So why is this potential growth stock down roughly 55% from its 52-week high of $223.98, now trading near $100? The answer is macro, not operational. Tariff uncertainty, a broader pullback in consumer discretionary stocks, and investor rotation into defensives have all weighed on the valuation. None of this has touched the actual business.
In its fiscal Q3 2026 results, Deckers reported revenue of $1.96 billion, up 7% year over year, with diluted earnings per share (EPS) of $3.33, beating consensus estimates of $2.76 by more than 20%. Hoka revenue grew 18.5% to $628.9 million. Ugg delivered record quarterly revenue of $1.305 billion, up 4.9%, with high levels of full-price selling that kept gross margins healthy at 59.8%. Management raised full-year guidance on both revenue and EPS — the former in a range of $5.4 billion to $5.425 billion; the latter in a range of $6.80 to $6.85. A company that’s executing isn’t guiding up when things are falling apart.
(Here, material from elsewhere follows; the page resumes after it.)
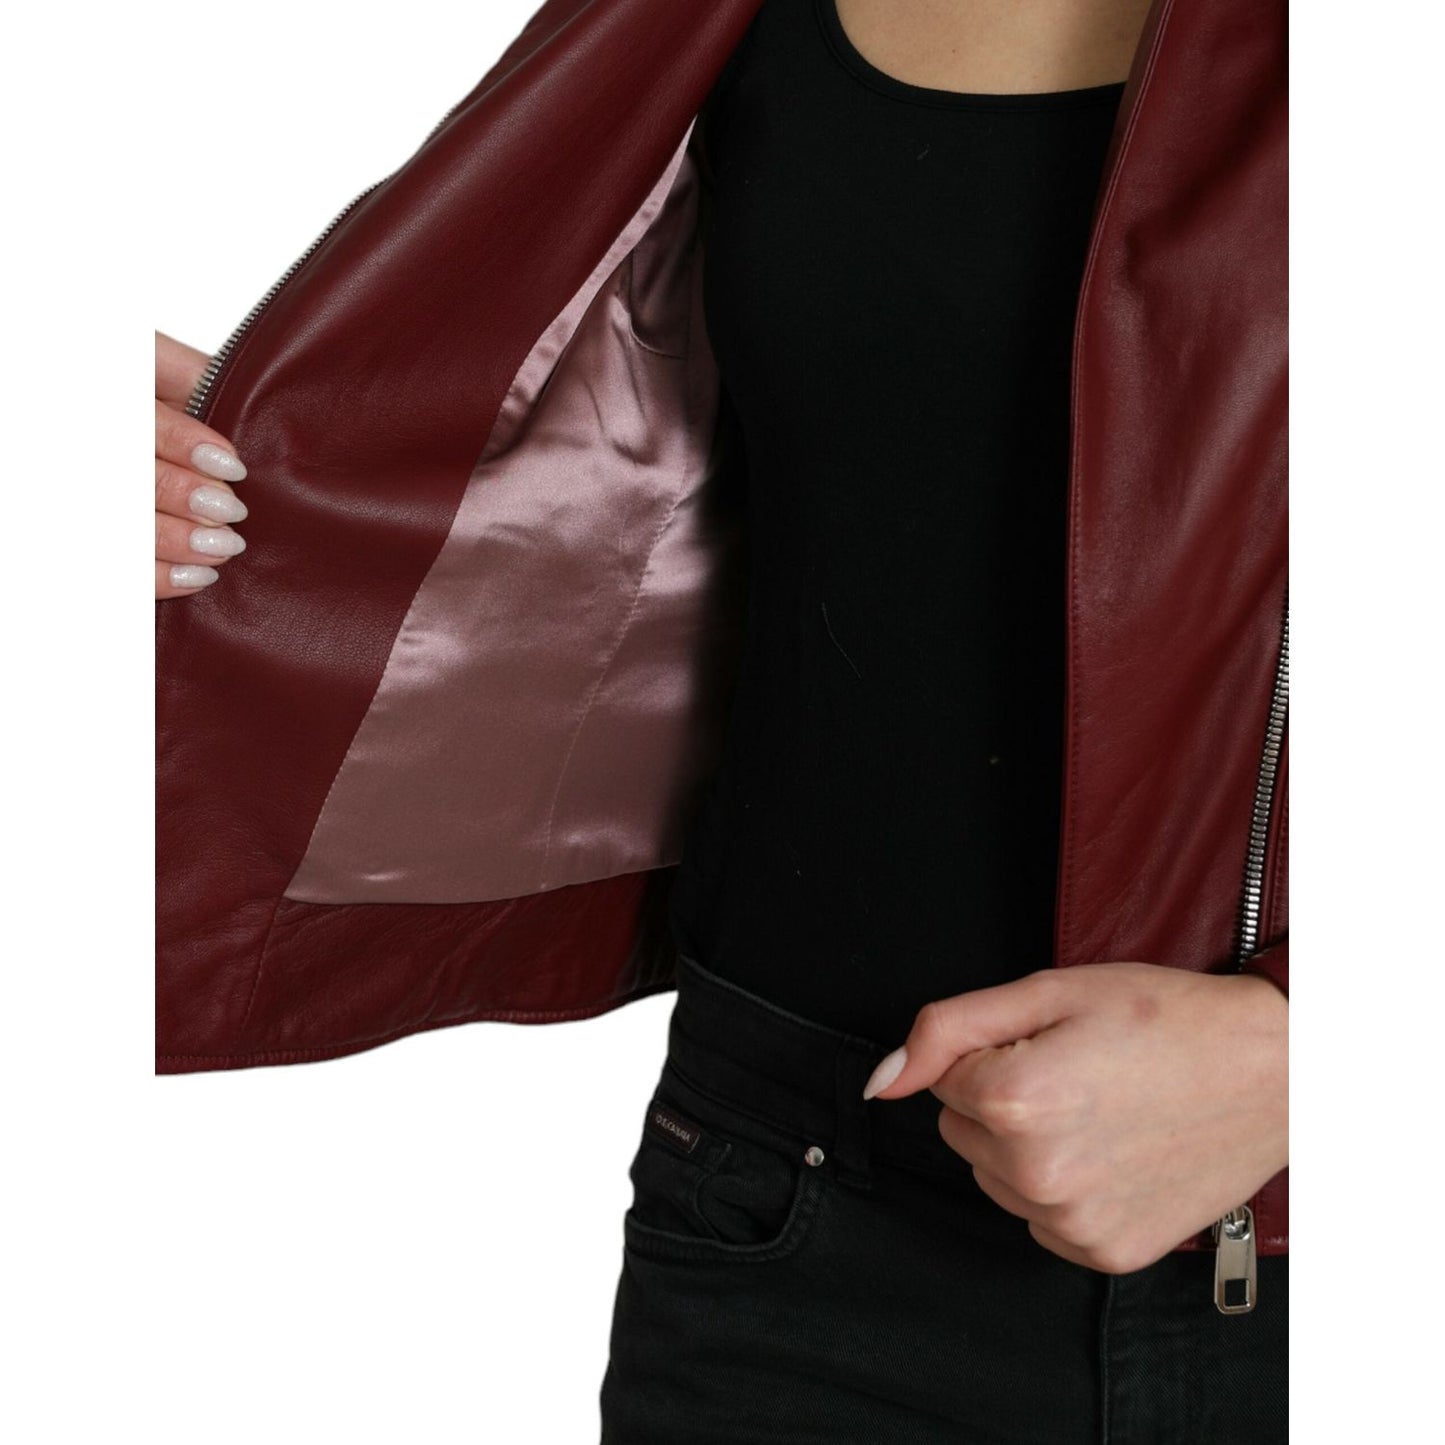 Dolce & Gabbana Bordeaux Biker Leather Jacket bordeaux-leather-biker-coat-lambskin-jacket 465A9339-BG-scaled-fb7b1203-822.jpg
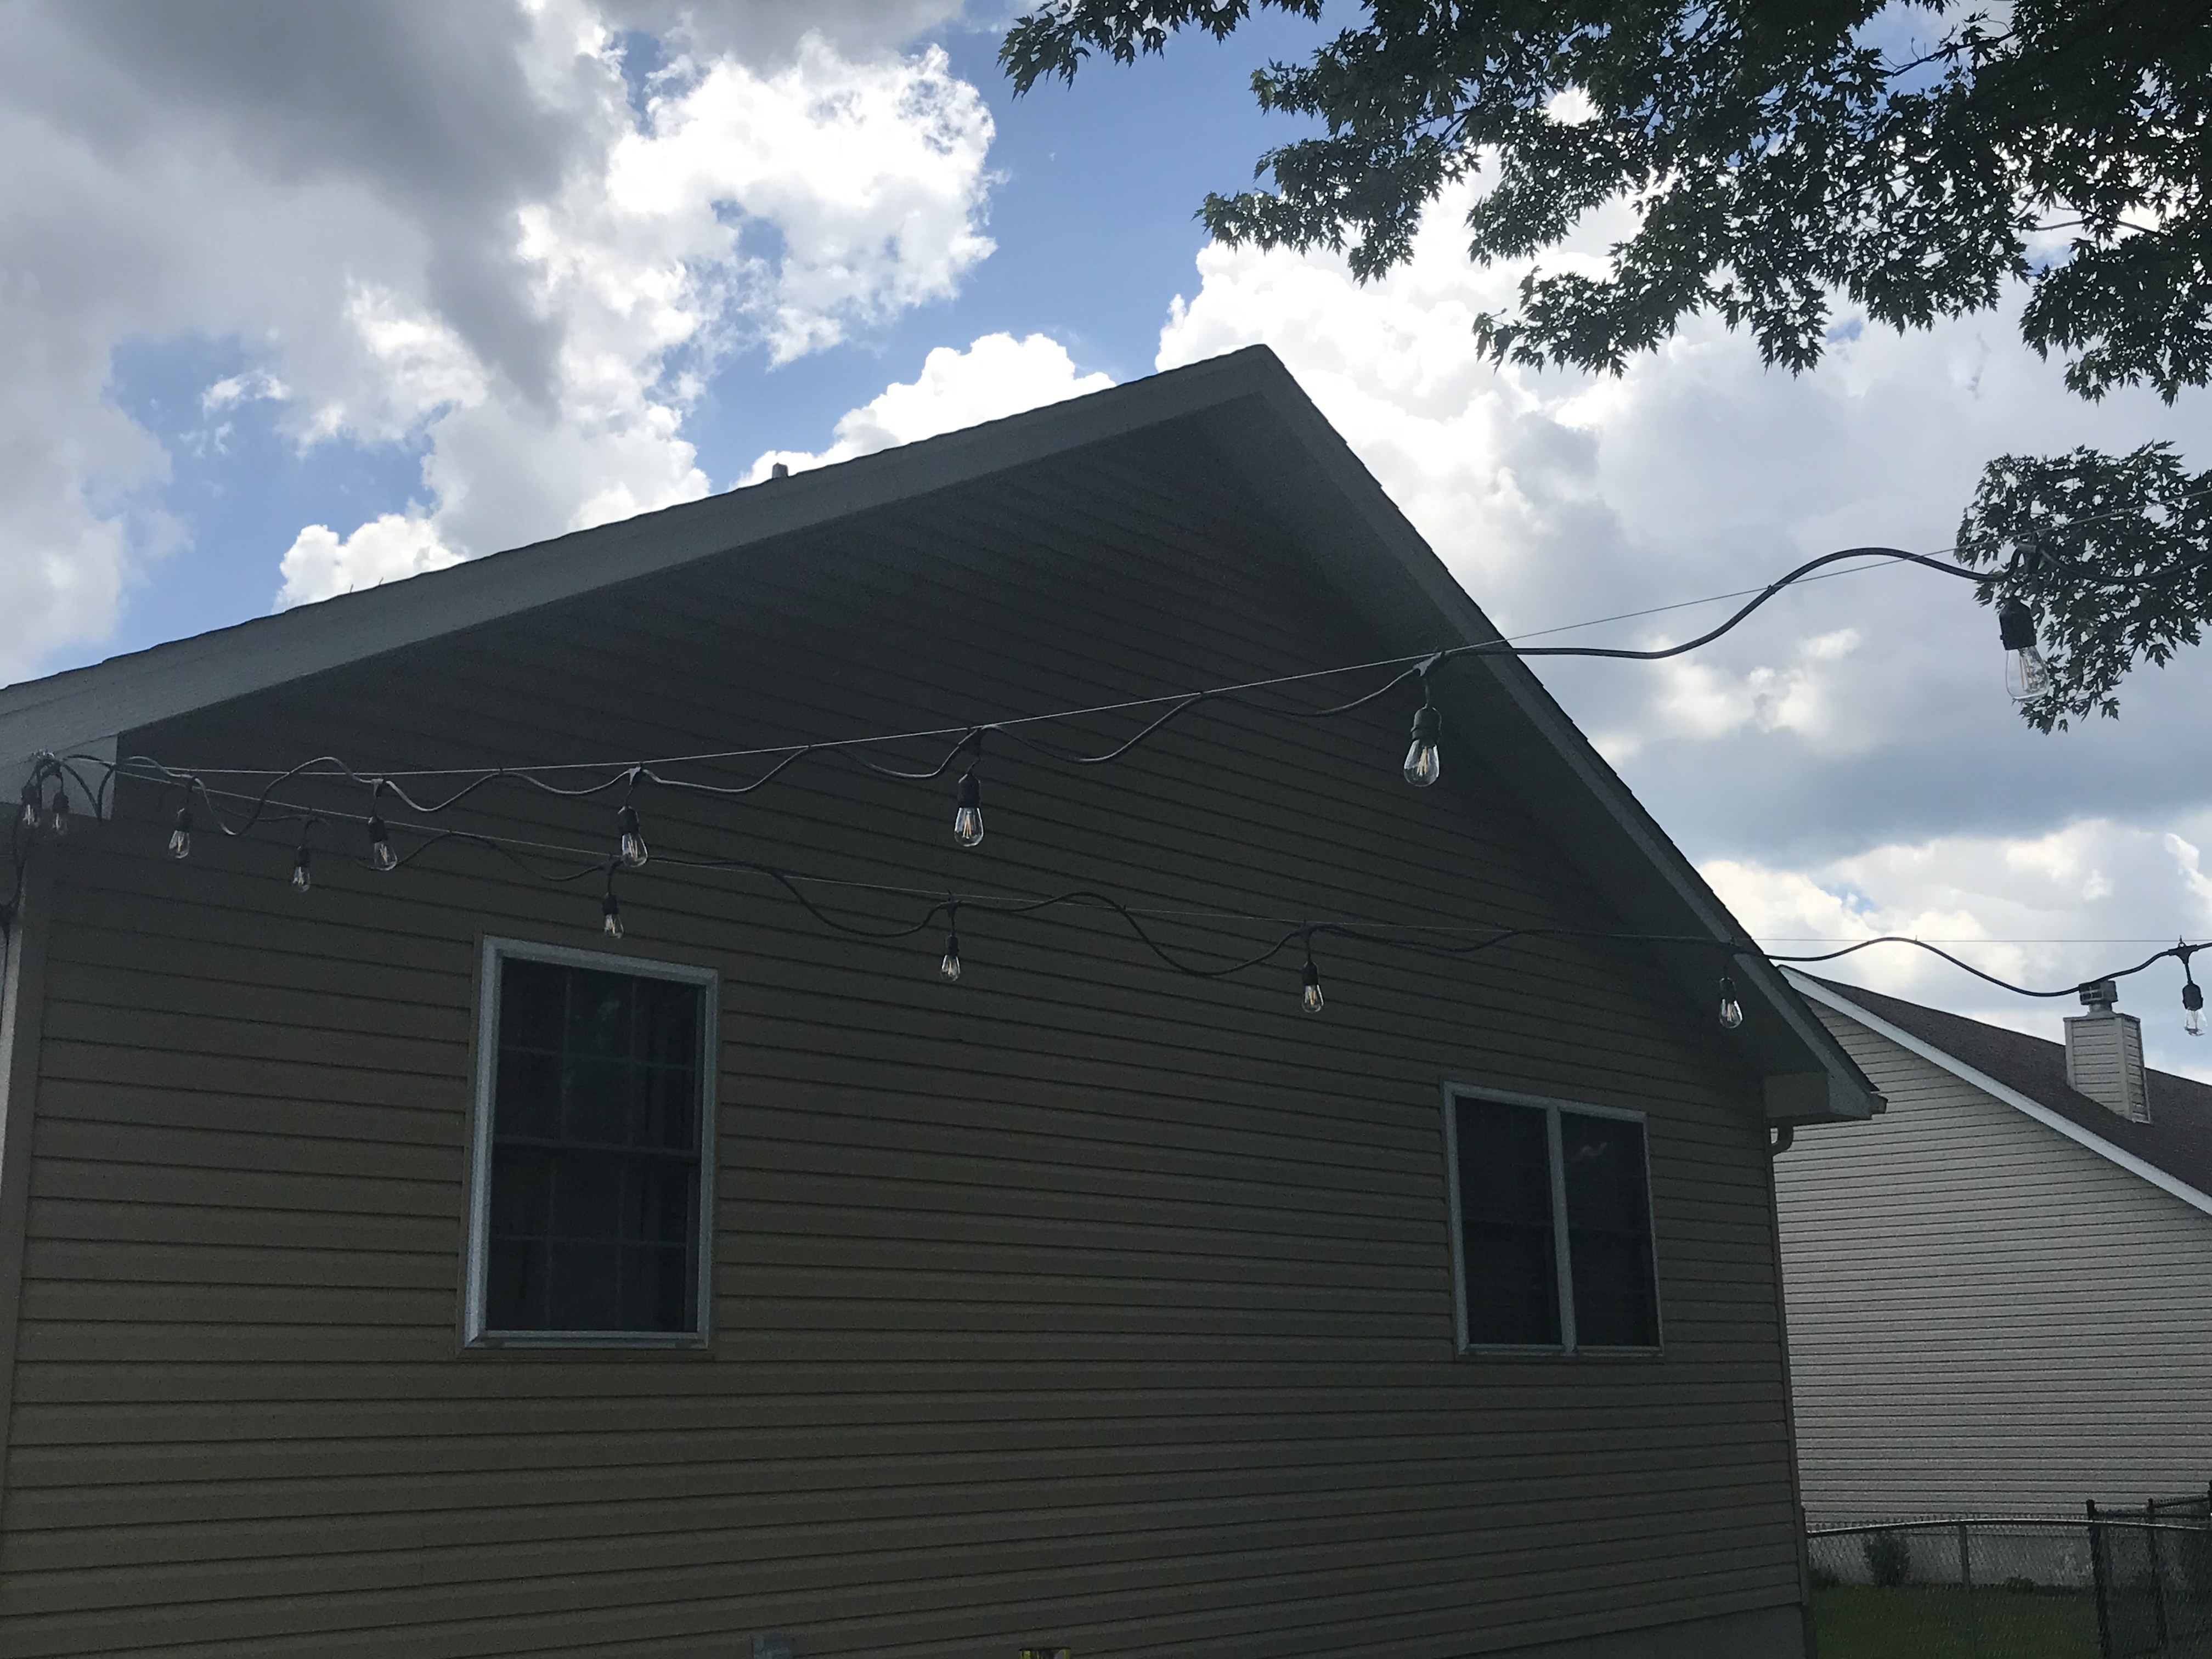 How to hang outdoor string lights. Easy backyard DIY ideas.

Critically, Deckers’ Q4 fiscal 2026 earnings report is expected on May 21, making this a live, near-term catalyst. If Hoka’s guided mid-teens growth and Ugg’s mid-single-digit growth hold, the stock’s current valuation of roughly 15 times forward earnings looks difficult to justify as a discount without a reason to sell.
The risk is real: Tariffs on footwear imports from Southeast Asia remain elevated, and the consumer environment is more cautious than it was two years ago because the dollar is worth less. If Hoka’s U.S. direct-to-consumer momentum stalls, or if a weak macro environment pressures its spring 2026 season, the downside could deepen before it recovers.
But for investors with a 12– to 24-month lens, buying a brand compounder with record revenue and pristine margins at half its former price has historically looked smart in hindsight.
2. Lululemon Athletica
Lululemon Athletica(NASDAQ: LULU) presents a more complicated story, and perhaps a more interesting one for it. The stock is down roughly 50% from its 52-week high of $340 and more than 70% from its 2023 peak. The narrative has piled on: a CEO departure, a proxy fight led by founder Chip Wilson, a $380 million tariff headwind in 2026, and slower growth in the Americas all converging at once.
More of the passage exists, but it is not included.